Gerhard Gossen started the lightning talk session with his presentation on "The iCrawl System for Focused and Integrated Web Archive Crawling". It was a short description of how iCrawl can be used to create archives for current events, targeted primarily to researchers and journalists. The demonstration illustrated how to search on the Web and Twitter for trending topics to find good seed URLs, manually add seed URLs and keywords, extract entities, configure crawling basic policies and finally start/schedule the crawling.

Ian Milligan presented his short talk on "Finding Community in the Ruins of GeoCities: Distantly Reading a Web Archive". He introduced GeoCities and explained why it matters. He illustrated the preliminary exploration of the data such as images, text, and topic extraction from it. He announced plans for a Web Analytics Hackathon in Canada in 2016 based on Warcbase and is looking for collaborators. He expressed the need of documentation for researchers. To acknowledge the need of context, he said, "In an archive you can find anything you want to prove, need to contextualize to validate the results."

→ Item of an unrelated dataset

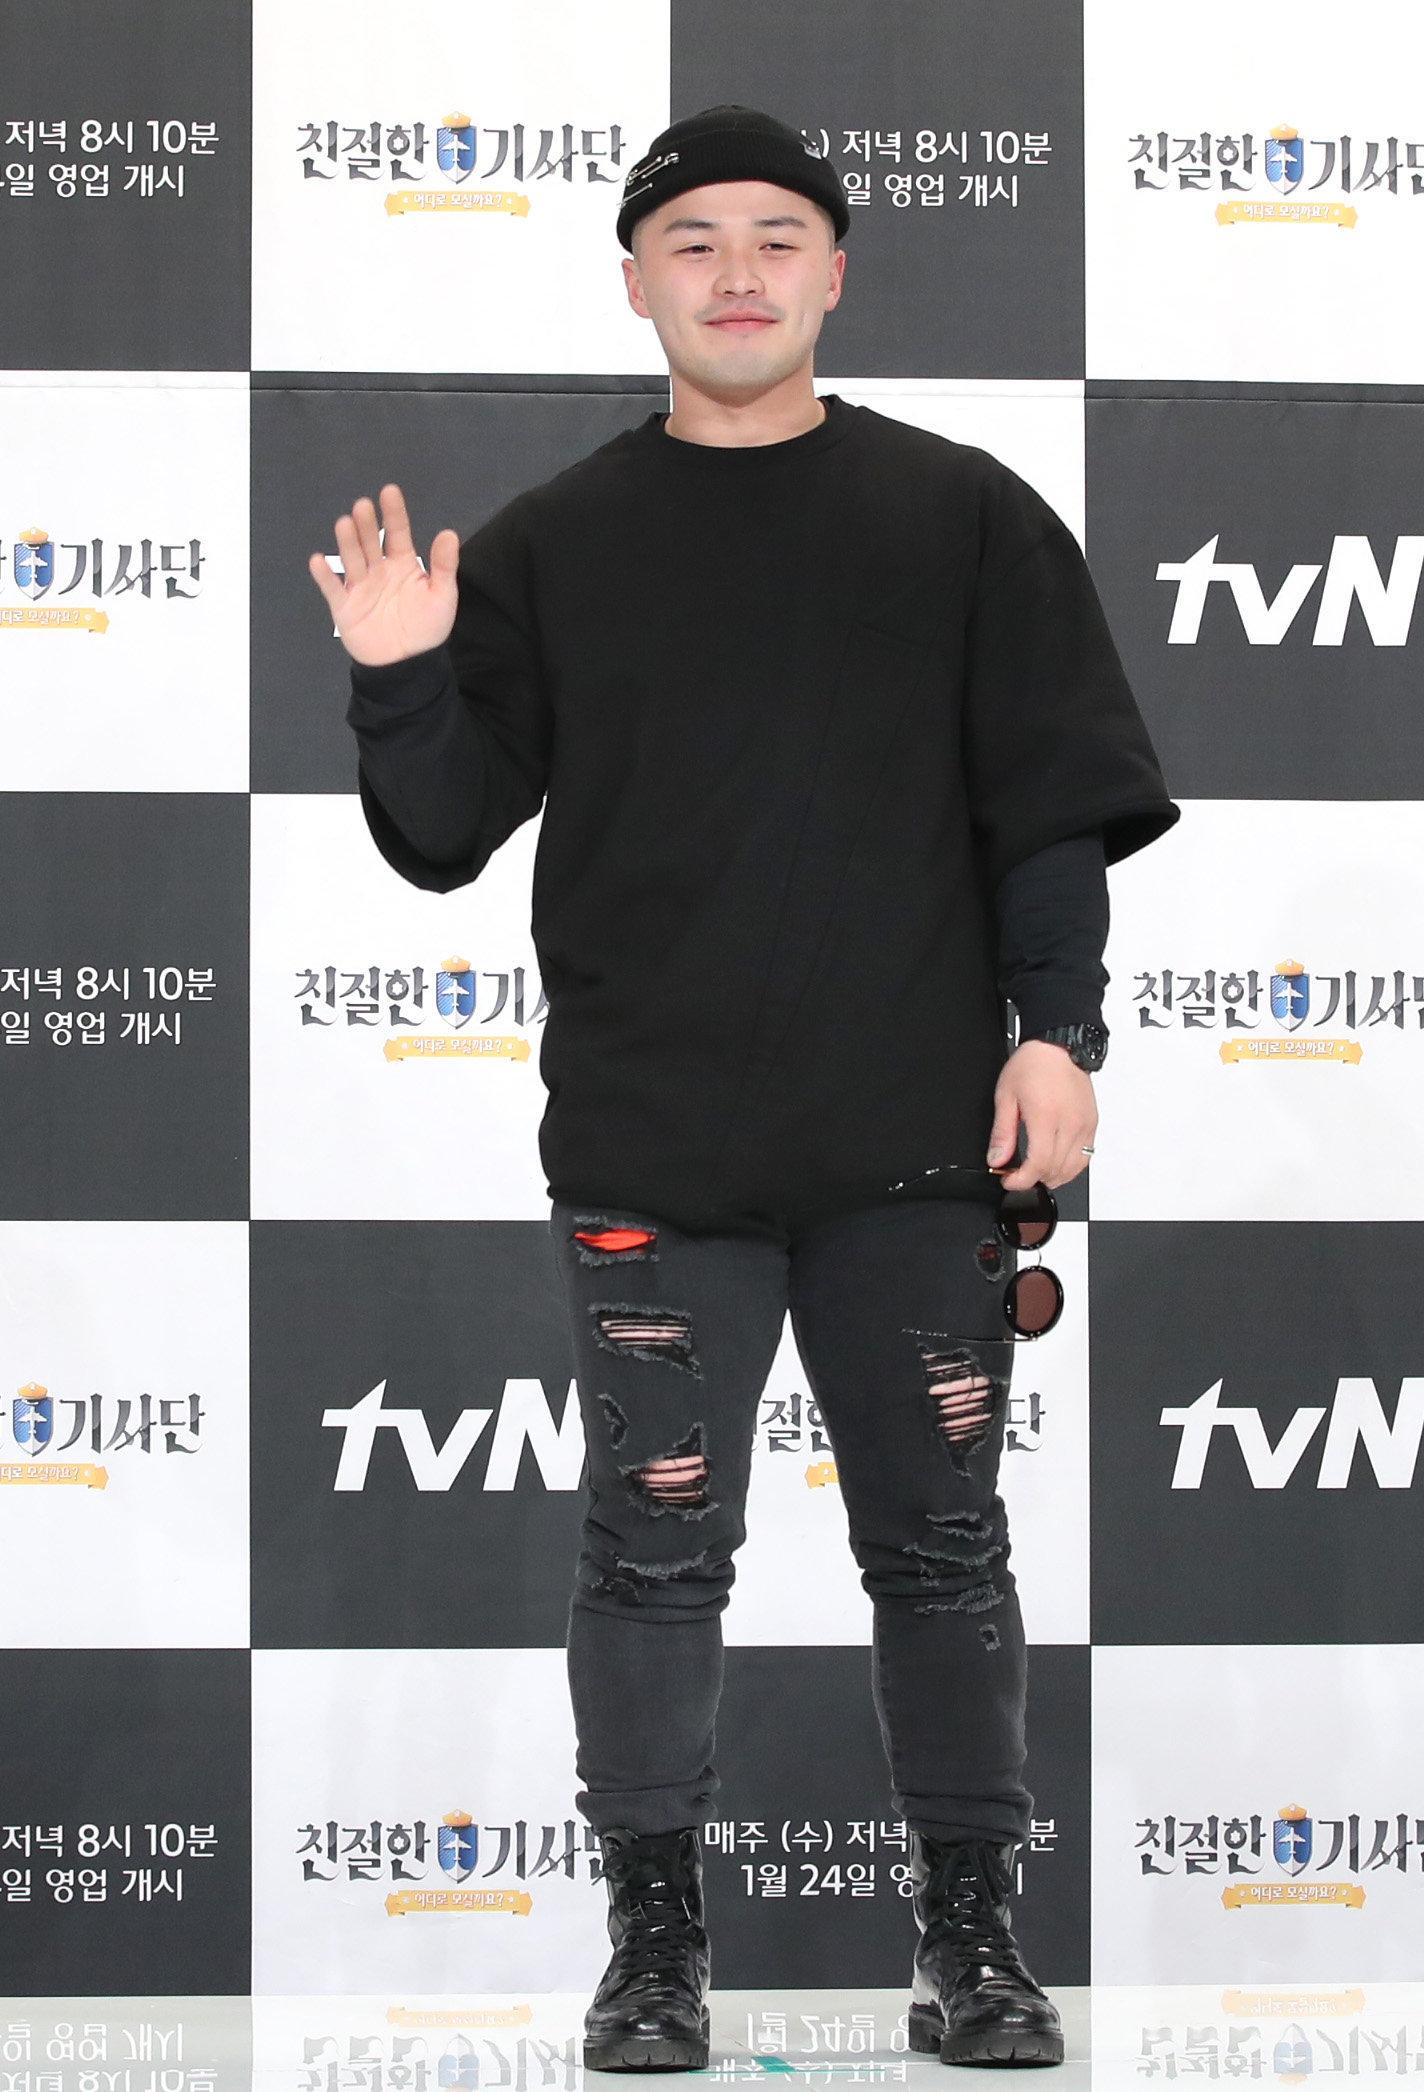 마이크로닷이 열애 인정 후 인스타그램에 처음 올린 글

Zhiwu Xie presented a short talk on "Archiving the Relaxed Consistency Web". This was focused on inconsistency problem mainly seen in crawler based archives. He described the illusion of consistency on distributed social media systems and the role of timezome differences. They found that the newer content is more inconsistent. In a simulation more than 60% of timelines were found inconsistent. They propose proactive redundant crawls and compensatory estimation of archival credibility as potential solutions to the issue.

Martin Lhotak and Tomas Foltyn presented their talk on "The Czech Digital Library - Fedora Commons based solution for aggregation, reuse, dissemination and archiving of digital documents". They introduced three main digitization areas in the Czech Republic - Manuscriptorium (early printed books and manuscripts), Kramerius (modern collections from 1801), and WebArchiv (digital archive of the Czech web resources). Their goal is to aggregate all digital library content from Czech Republic under Czech Republic Library (CDL).

Todd Suomela presented "Analytics for monitoring usage and users of Archive-IT collections". The University of Alberta is using Archive-It since 2009 where they have 19 different collections of which 15 are public. Their collections are proposed by public, faculty, or librarians then the proposal goes to the Collection Development Committee for the review. Todd evaluated the user activity (using Google Analytics) and the collection management aspects of the UA Digital Libraries.

After the lightning talks were over, workshop participants took a break and looked at the posters and demonstrations associated with the lightning talks above.

Our colleague Lulwah Alkwai had her "Best Student Paper" award winner full paper, "How Well Are Arabic Websites Archived?" presentation scheduled the same day, hence we joined her in the main conference track.

During the lunch break, awards were announced where our WSDL Research Group secured the Best Student Paper and the Best Poster awards. While some people were still enjoying their lunch, Dr. J. Stephen Downie presented the closing keynote on HathiTrust Digital Library. I learned a lot more about the HathiTrust, its collections, how they deal with the copyright and (not so) open data, and their mantra, "bring computing to the data" for the sake of the fair use of the copyright data. Finally, the there were announcements about the next year's JCDL conference which will be held in Newark, NJ from 19 to 23 June, 2016. After that we assembled again in the workshop room for the remaining sessions of the WADL.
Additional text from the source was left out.